En ce qui concerne les perspectives du processus de Minsk, bien que chaque gouvernement ukrainien tente de mener le processus de paix encore plus loin dans une impasse, nous insistons pour que ces manœuvres cessent. Cela doit être exigé de la part de Kiev par ses protecteurs occidentaux, Berlin et Paris en tant que coauteurs des Accords de Minsk qui ont mis en jeu leur autorité. Beaucoup de choses dépendent des Etats-Unis, le seul pays que Vladimir Zelenski semble écouter - et encore.

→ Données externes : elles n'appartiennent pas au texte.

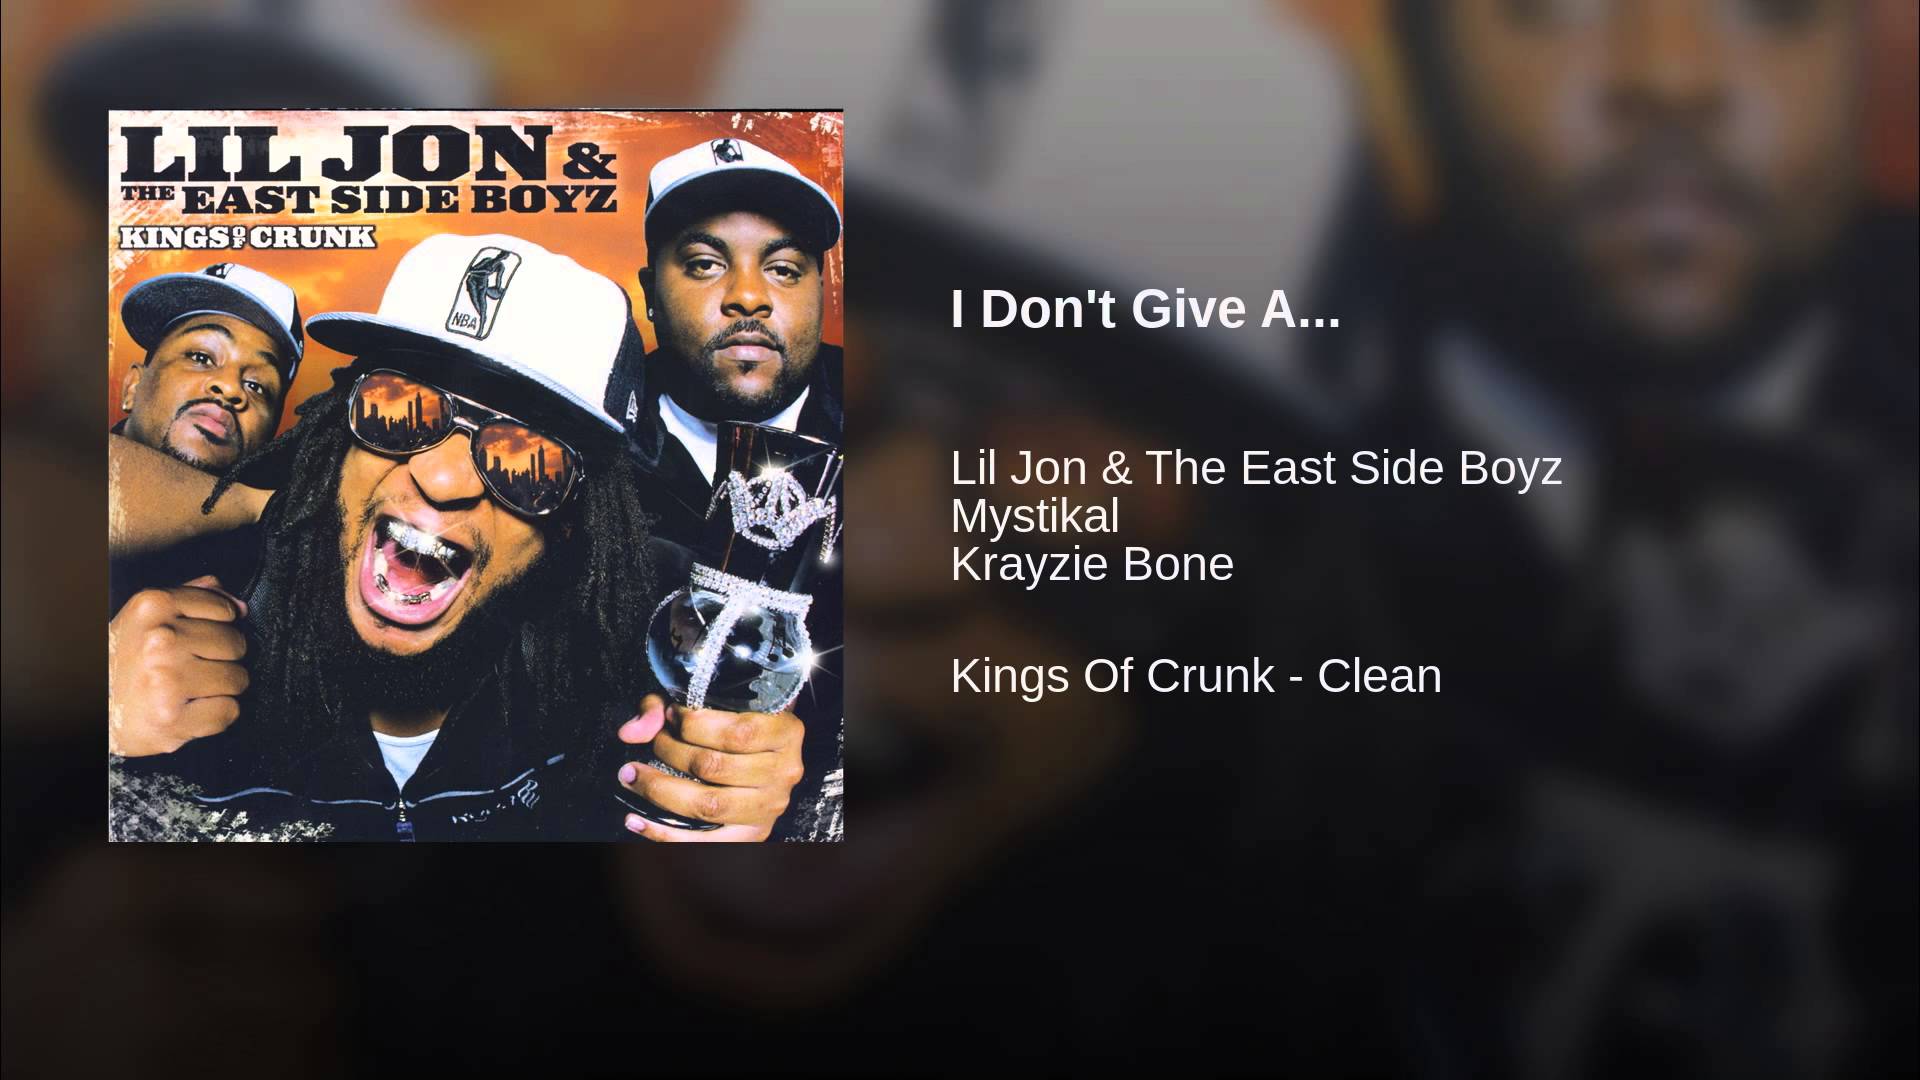 Kings of Crunk Lil Jon & the East Side Boyz. Ying yang Twins, Lil Jon & the East Side Boyz - get Low. Ying yang Twins Lil Jon. Lil jon the eastside boyz get low

Pendant la visite de la Chancelière allemande Angela Merkel à Moscou, quand le Président russe Vladimir Poutine s’est entretenu par téléphone avec le Président français Emmanuel Macron, nous avons évoqué toutes ces questions en les posant sérieusement et en attirant l'attention des coauteurs des Accords de Minsk sur le fait que Kiev adopte systématiquement des lois qui interdisent directement d'accomplir les termes clés des Accords de Minsk. Cela concerne également le statut particulier des territoires où ont été proclamées les Républiques populaires de Donetsk et de Lougansk, la langue russe, l'organisation des élections locales selon un calendrier convenu avec Donetsk et Lougansk (ce qui est directement interdit par les dernières initiatives législatives de Kiev) et bien d'autres comme l'amnistie.
C'est pourquoi nous avons soulevé avec Berlin et Paris la nécessité de se décider pour savoir s'ils continueront de tolérer un tel "manquement" à ses engagements de Vladimir Zelenski et de son équipe, ou useront sur eux de leur influence et de leur pouvoir.